- _Task requirements_
Each line of the data must reappear exactly in your answer, with no images included.

- _Dataset extract_
--*--

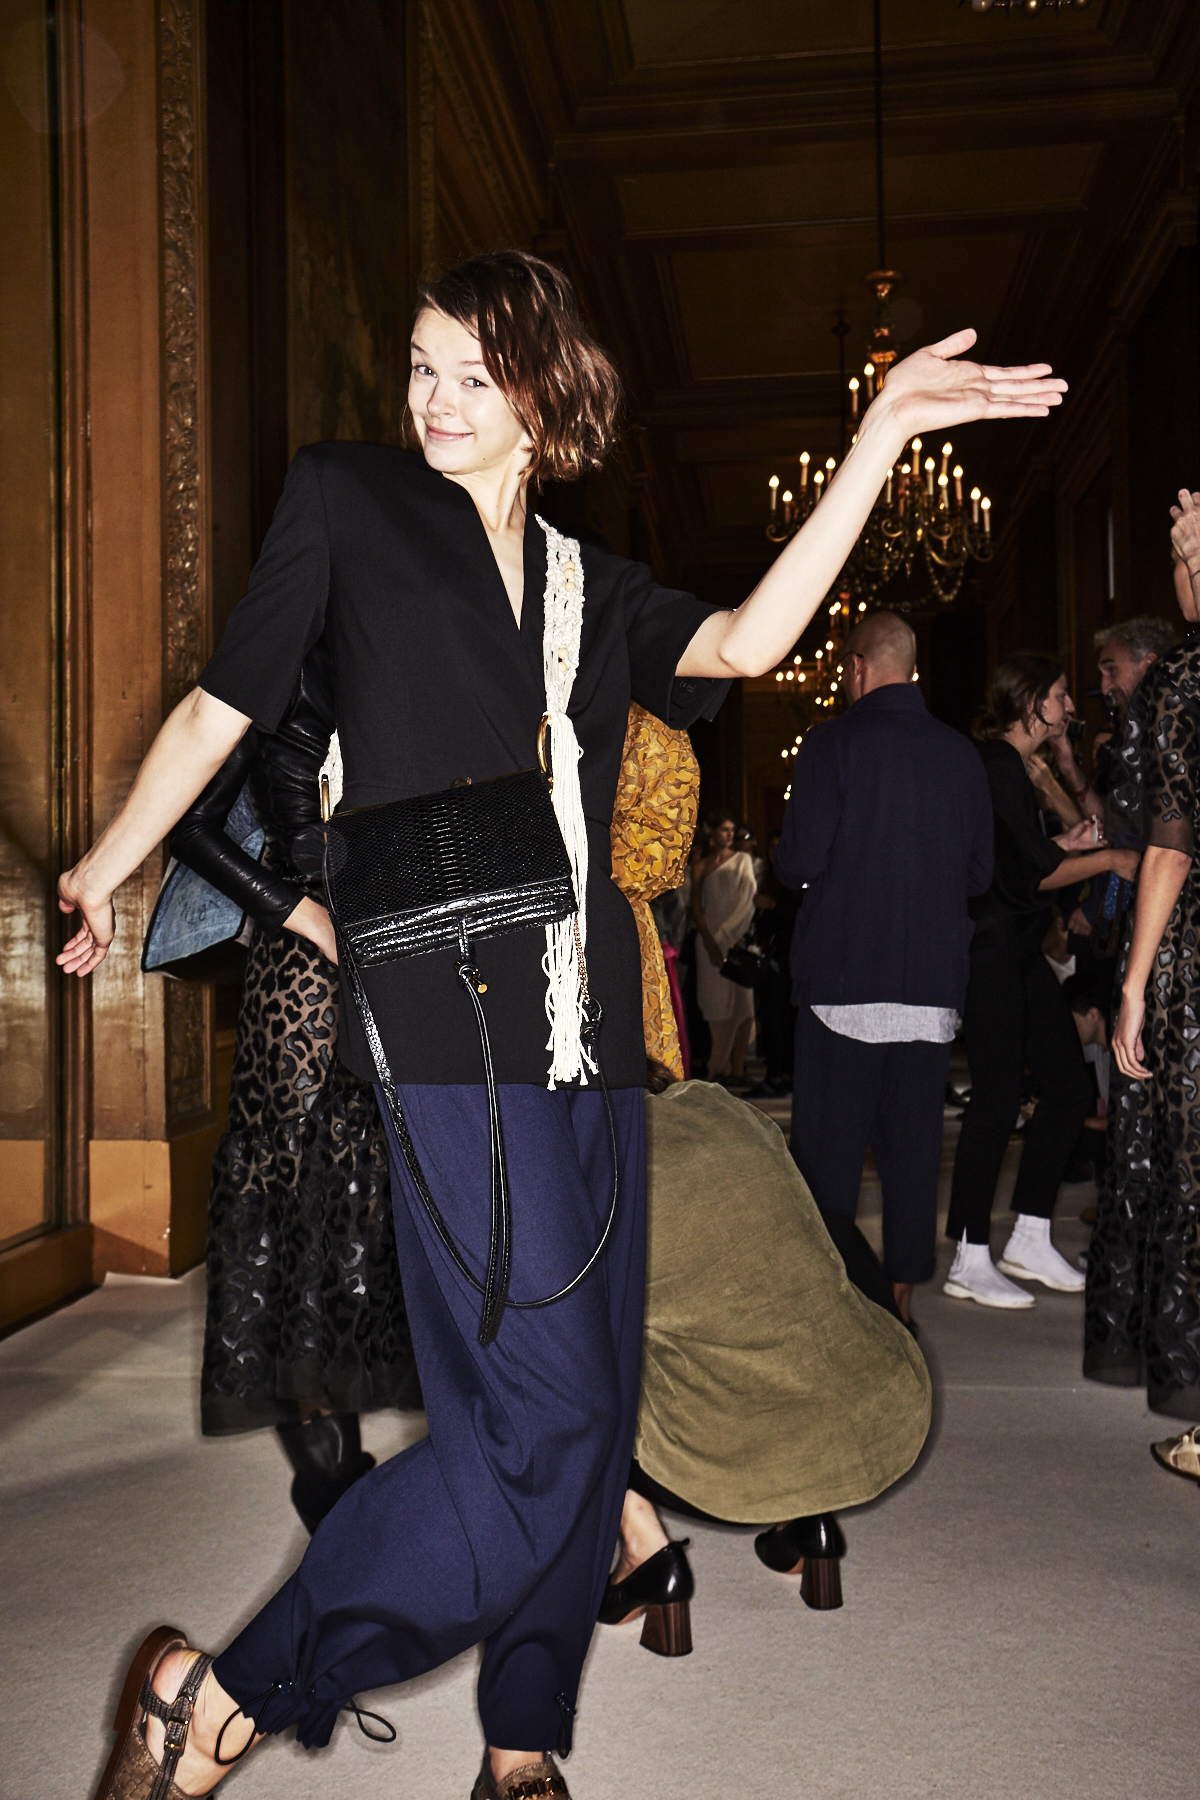 Auf dem Foto ist ein Model im Backstage Bereich bei der Frühjahr/Sommermodenschau 2018 von Designerin Stella Mc Cartney zu sehen. Sie kombiniert die Trendfarben Schwarz und Blau in Form eines halbarm Blazers und einer dunkelblauen Hose miteinander. Dazu kombiniert sie eine schwarze Crossover-Bag und einen weißen Schal.
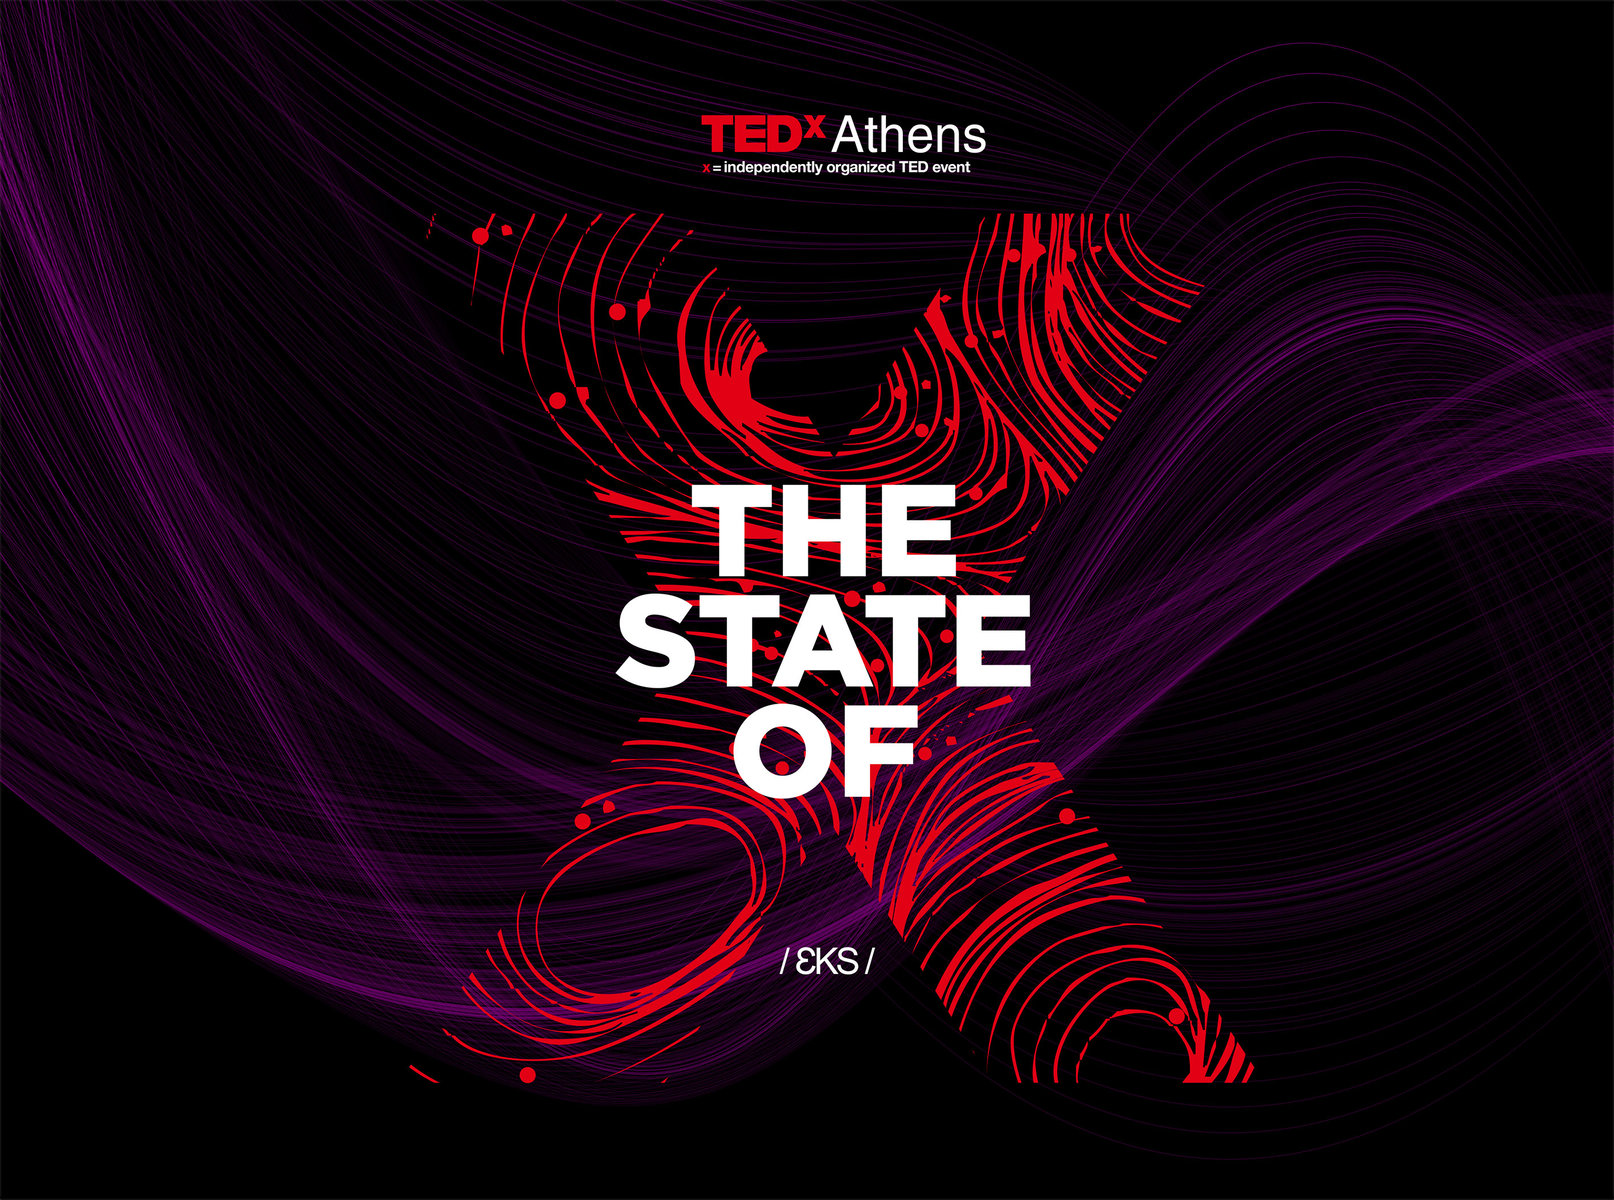 Το TEDxAthens επιστρέφει και σας καλεί σε ένα ταξίδι μοναδικής αναζήτησης
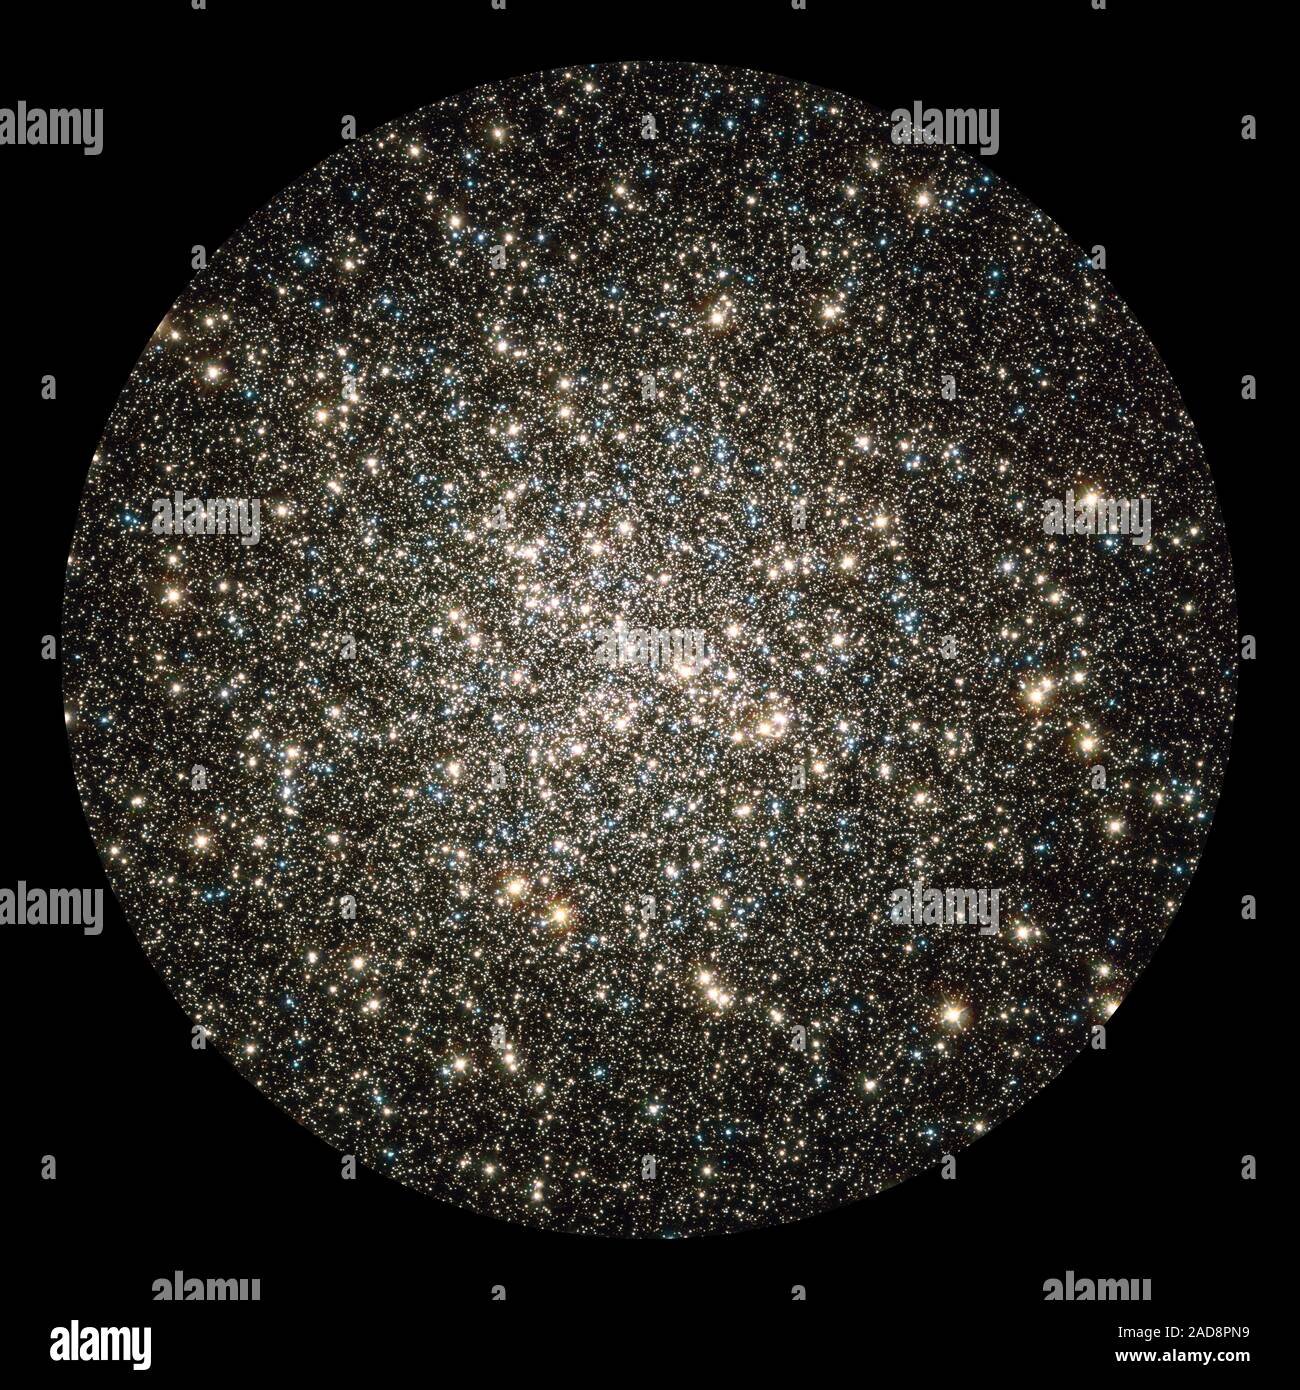 Come un vortice di lucenti scaglie scintillanti in un Snow Globe, Hubble catture un istantaneo scorcio di molte centinaia di migliaia di stelle che si muova in ammassi globulari M13, uno dei più brillanti e meglio noti ammassi globulari nella northern sky. Questo scintillante metropoli di stelle è facilmente reperibile nel cielo invernale nella costellazione di Ercole e può anche essere intravisto ad occhio nudo sotto cieli bui. M13 è la casa per oltre 100.000 stelle e situato ad una distanza di 25.000 anni-luce. Queste stelle sono imballati così strettamente insieme in una sfera di circa 150 anni-luce attraverso, che th Foto Stock

--*--

- _Solution to the exercise_
 Auf dem Foto ist ein Model im Backstage Bereich bei der Frühjahr/Sommermodenschau 2018 von Designerin Stella Mc Cartney zu sehen. Sie kombiniert die Trendfarben Schwarz und Blau in Form eines halbarm Blazers und einer dunkelblauen Hose miteinander. Dazu kombiniert sie eine schwarze Crossover-Bag und einen weißen Schal.
 Το TEDxAthens επιστρέφει και σας καλεί σε ένα ταξίδι μοναδικής αναζήτησης
 Come un vortice di lucenti scaglie scintillanti in un Snow Globe, Hubble catture un istantaneo scorcio di molte centinaia di migliaia di stelle che si muova in ammassi globulari M13, uno dei più brillanti e meglio noti ammassi globulari nella northern sky. Questo scintillante metropoli di stelle è facilmente reperibile nel cielo invernale nella costellazione di Ercole e può anche essere intravisto ad occhio nudo sotto cieli bui. M13 è la casa per oltre 100.000 stelle e situato ad una distanza di 25.000 anni-luce. Queste stelle sono imballati così strettamente insieme in una sfera di circa 150 anni-luce attraverso, che th Foto Stock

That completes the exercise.